Vaichunas v. Tonyes

*851In an action to recover damages for personal injuries, the plaintiff appeals from an order of the Supreme Court, Queens County (Dorsa, J.), entered March 13, 2008, which granted the defendant’s, in effect, renewed motion pursuant to CPLR 3211 (a) (8) to dismiss the complaint for lack of personal jurisdiction.

Ordered that the order is affirmed, with costs.

The plaintiff was injured as she exited a jitney bus operated by the defendant, a non-New York domiciliary, in Atlantic City, New Jersey. Contrary to the plaintiffs contention, neither the fact that she is a New York resident (see Fantis Foods v Standard Importing Co., 49 NY2d 317, 326 [1980]), nor the fact that she sought and obtained medical treatment in New York, provided a basis for the exercise of personal jurisdiction over the defendant. Pursuant to the portion of the New York long-arm statute relied upon by the plaintiff, CPLR 302 (a) (3), personal jurisdiction over a nondomiciliary may be exercised when the defendant, inter alia, “commits a tortious act without the state causing injury to person or property within the state.” “The situs of the injury is the location of the original event which caused the injury, not the location where the resultant damages are subsequently felt by the plaintiff (see, McGowan v Smith, 52 NY2d 268, 273-274)” (Hermann v Sharon Hosp., 135 AD2d 682, 683 [1987]; see Lang v Wycoff Hgts.
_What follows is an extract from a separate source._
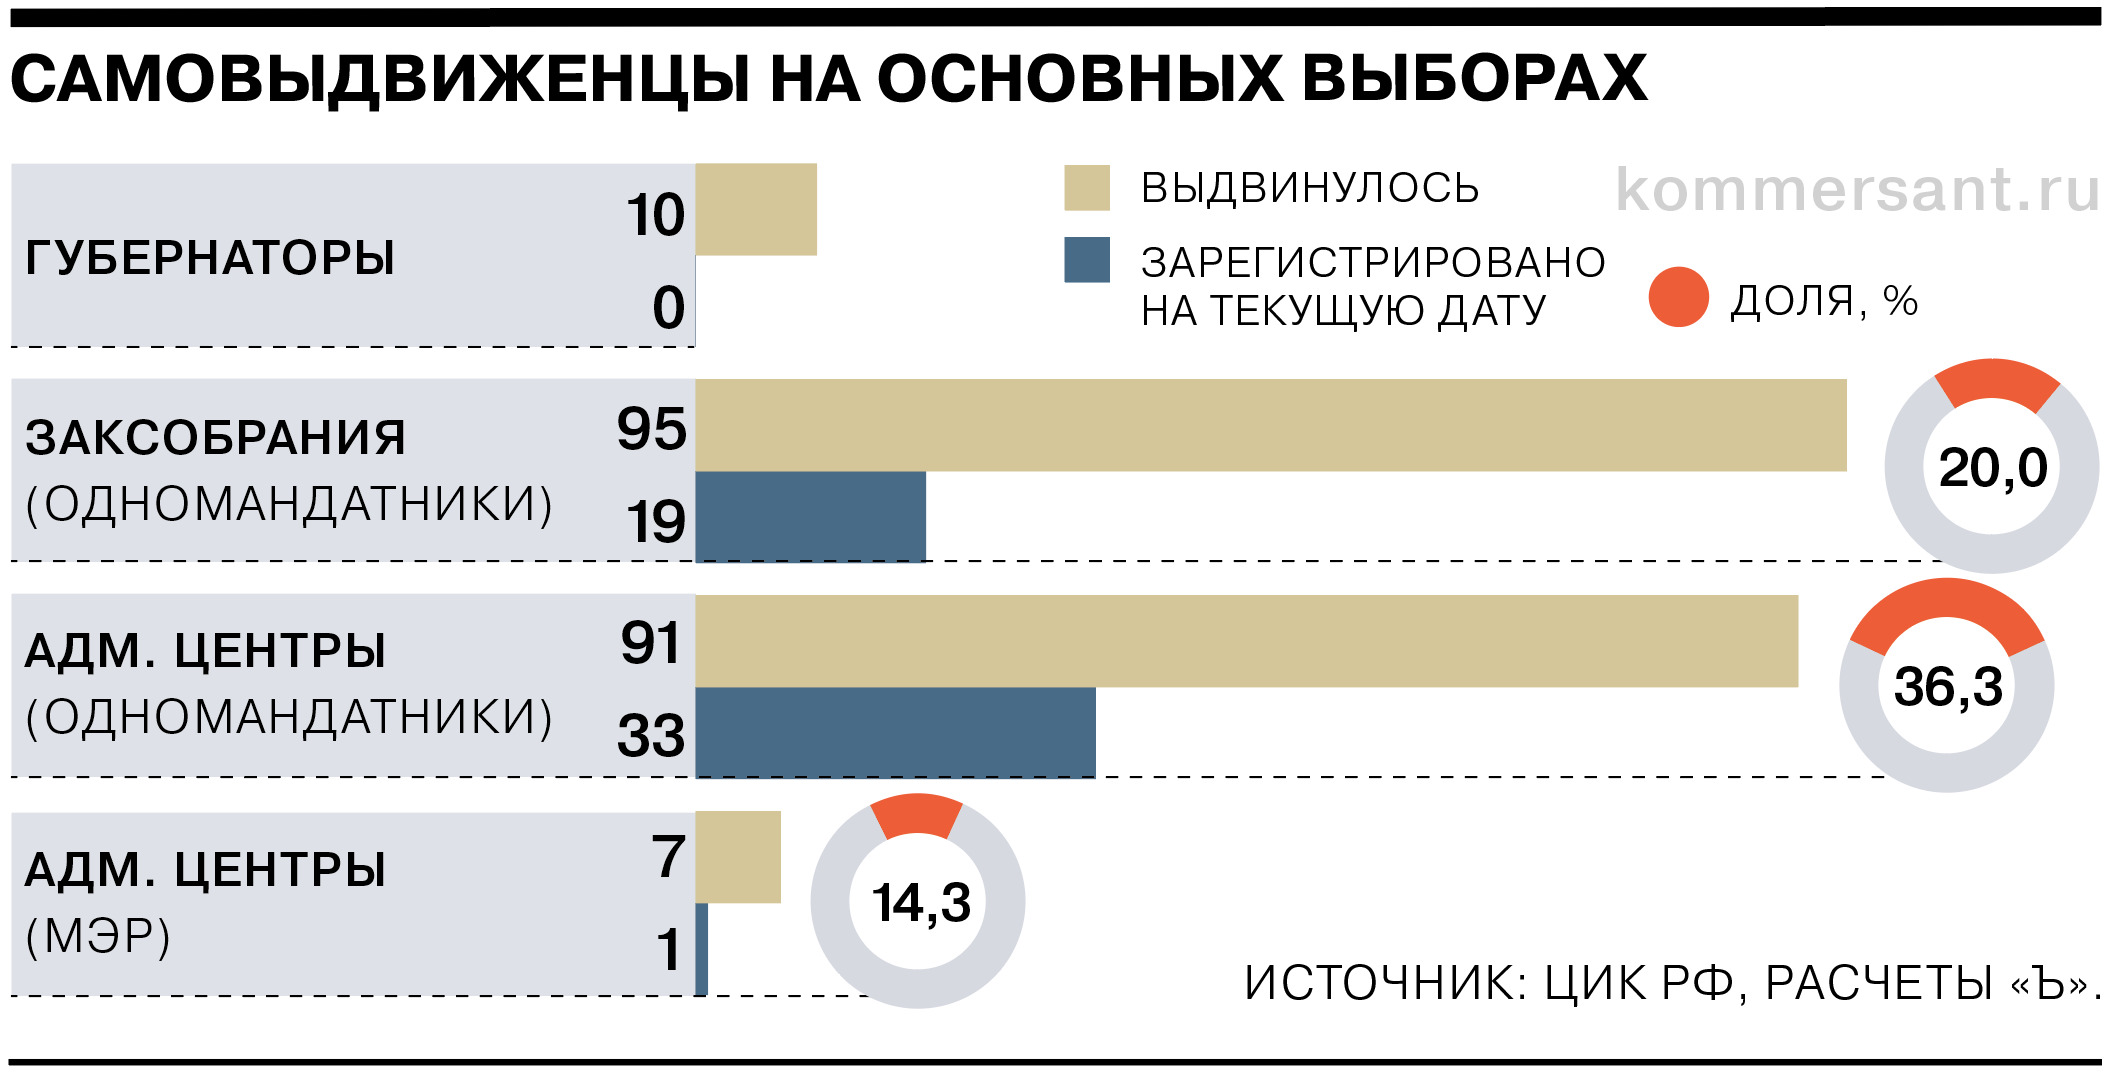 Явки на выборы президента россии 2018 процент. Голосование 2023 единый день голосования. Рейтинг голосование 2023.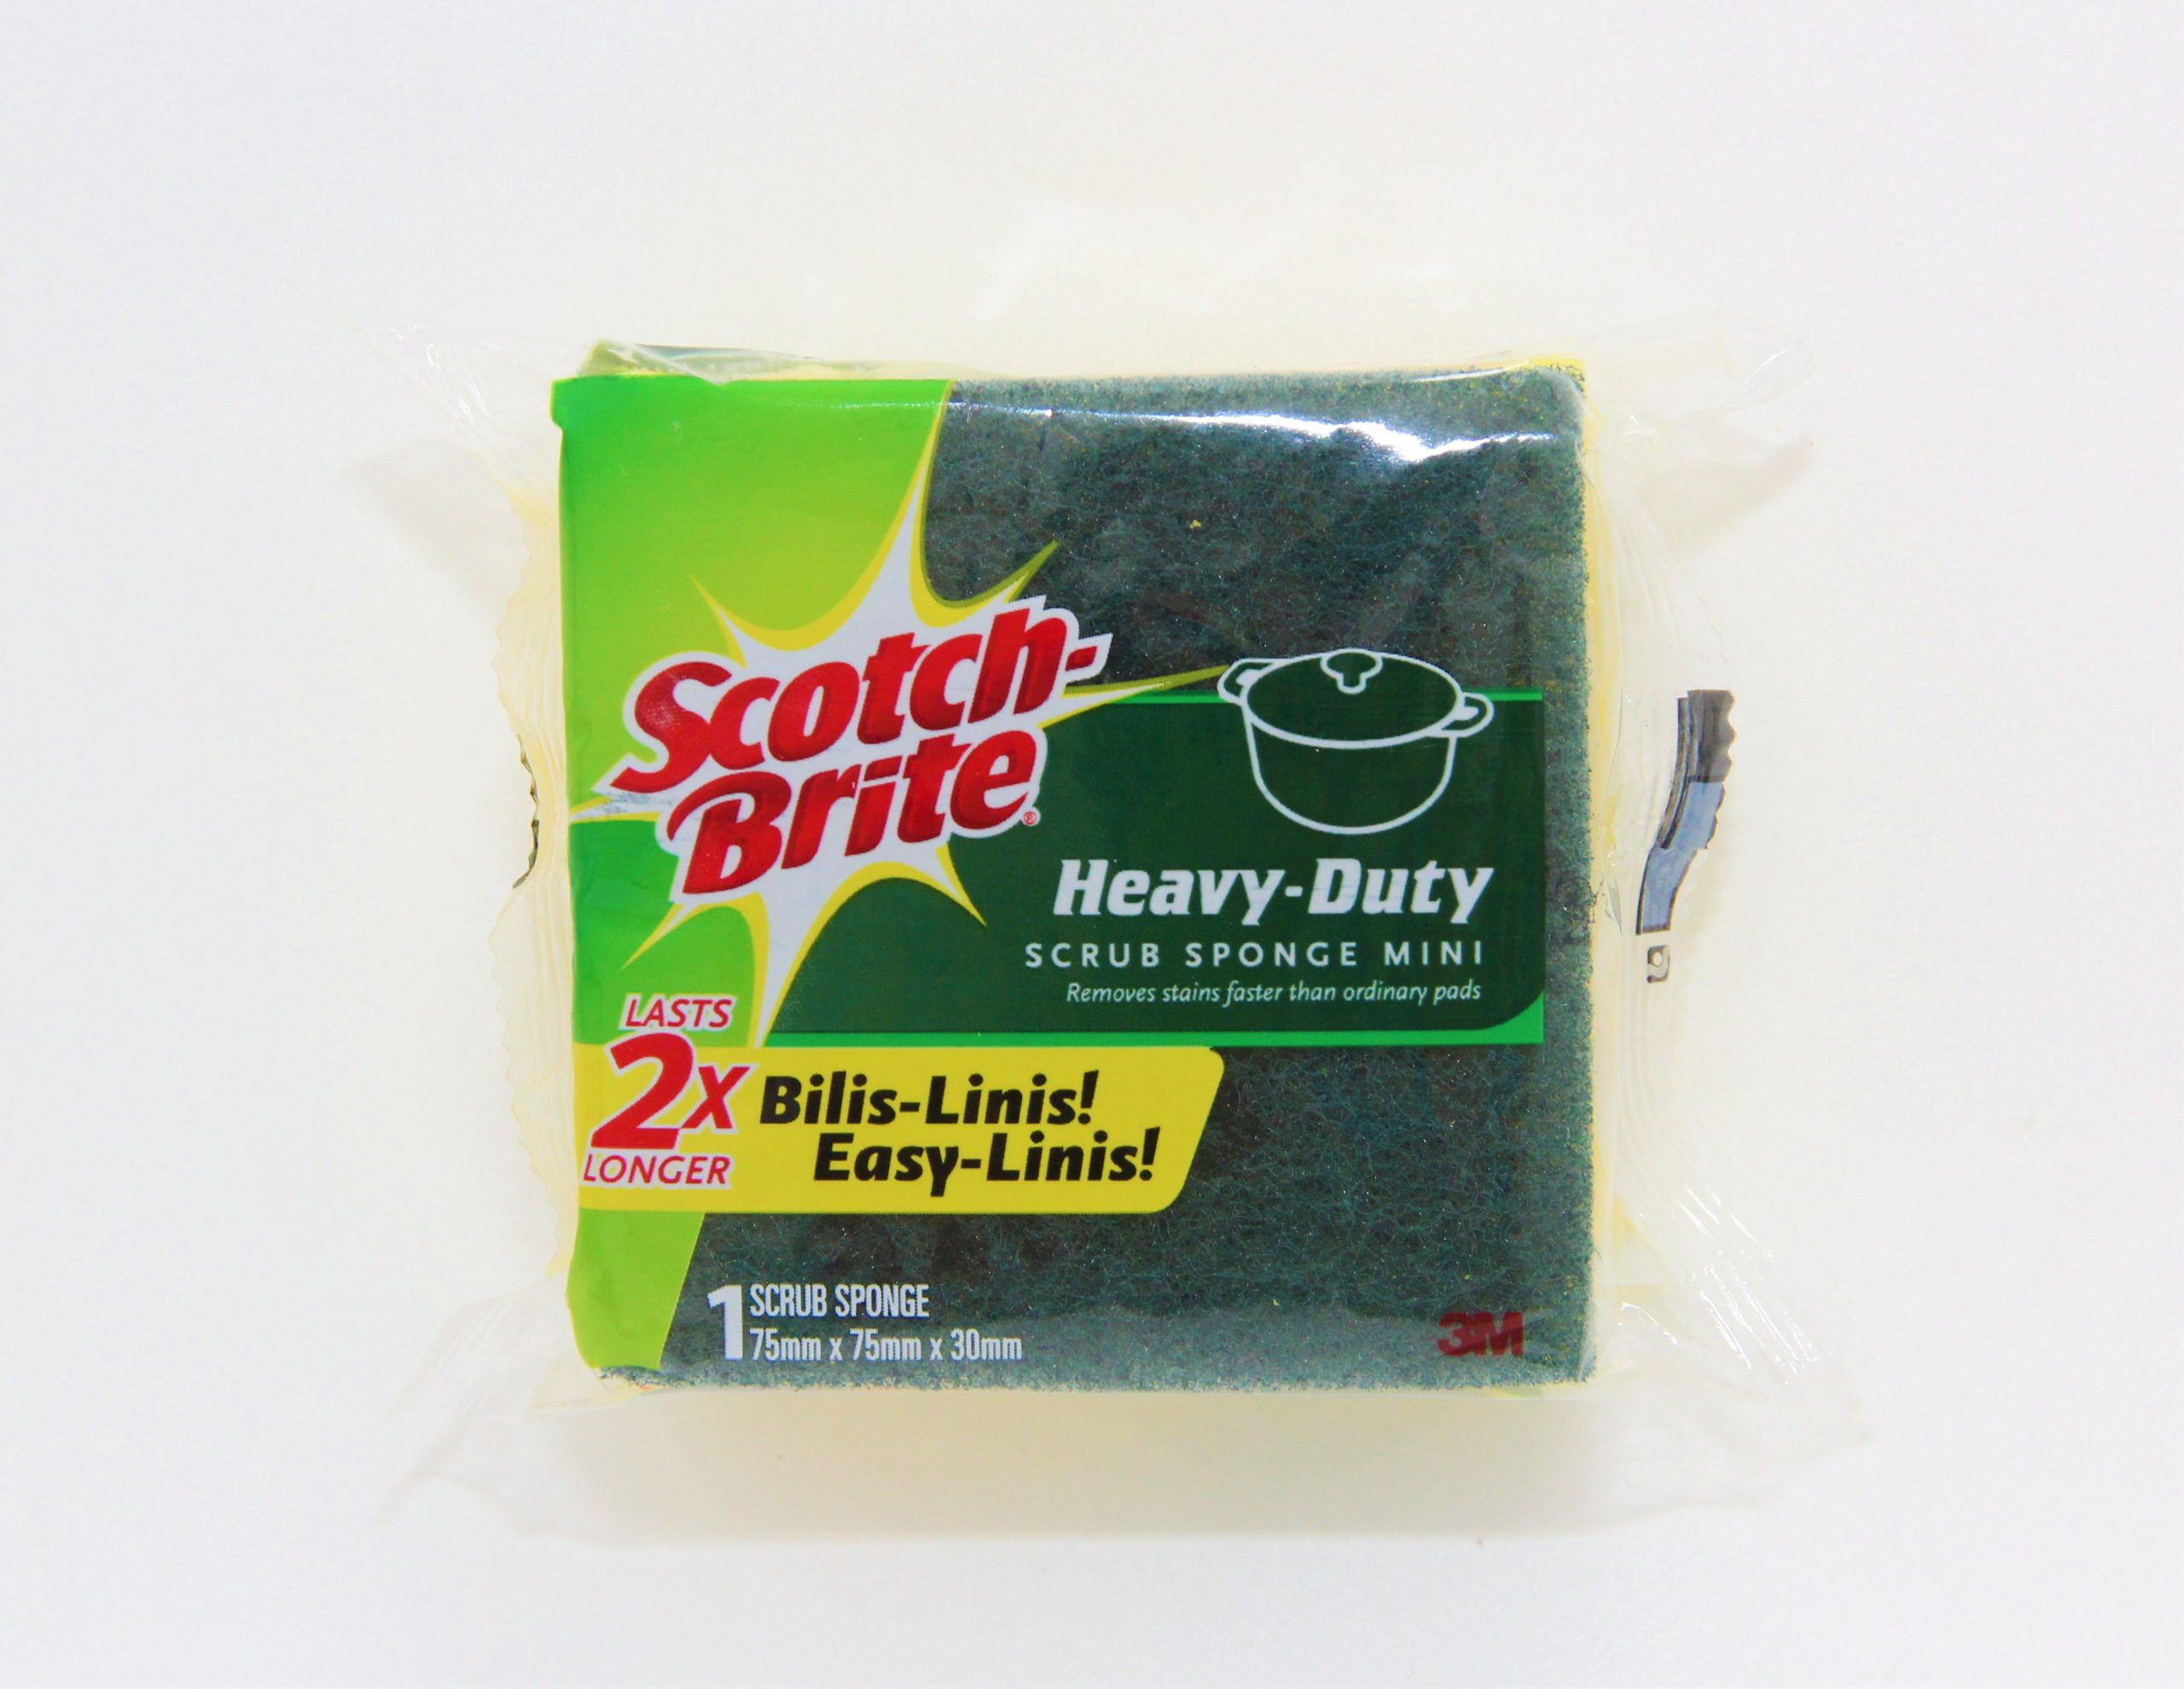 SCOTCH-BRITE HEAVY-DUTY SCRUB SPONGE MINI - Iloilo Supermart

Med. Ctr., 55 AD3d 793 [2008]; Marie v Altshuler, 30 AD3d 271, 272-273 [2006]; Polansky v Gelrod, 20 AD3d 663, 665 [2005]; Carte v Parkoff, 152 AD2d 615, 616 [1989]).

Accordingly, we affirm the granting of the defendant’s, in effect, renewed motion pursuant to CPLR 3211 (a) (8) to dismiss the complaint for lack of personal jurisdiction, albeit on a basis slightly different from that relied upon by the Supreme Court. The situs of the plaintiffs injury was Atlantic City, New Jersey. Given that the injury occurred in New Jersey, and involved a nondomiciliary, it was not necessary to consider whether the additional aspects of CPLR 302 (a) (3) (ii) were met (see Siegel, NY Prac § 88, at 164 [4th ed]).

In light of our determination, the plaintiffs remaining contention has been rendered academic. Fisher, J.P, Miller, Angiolillo and Balkin, JJ., concur.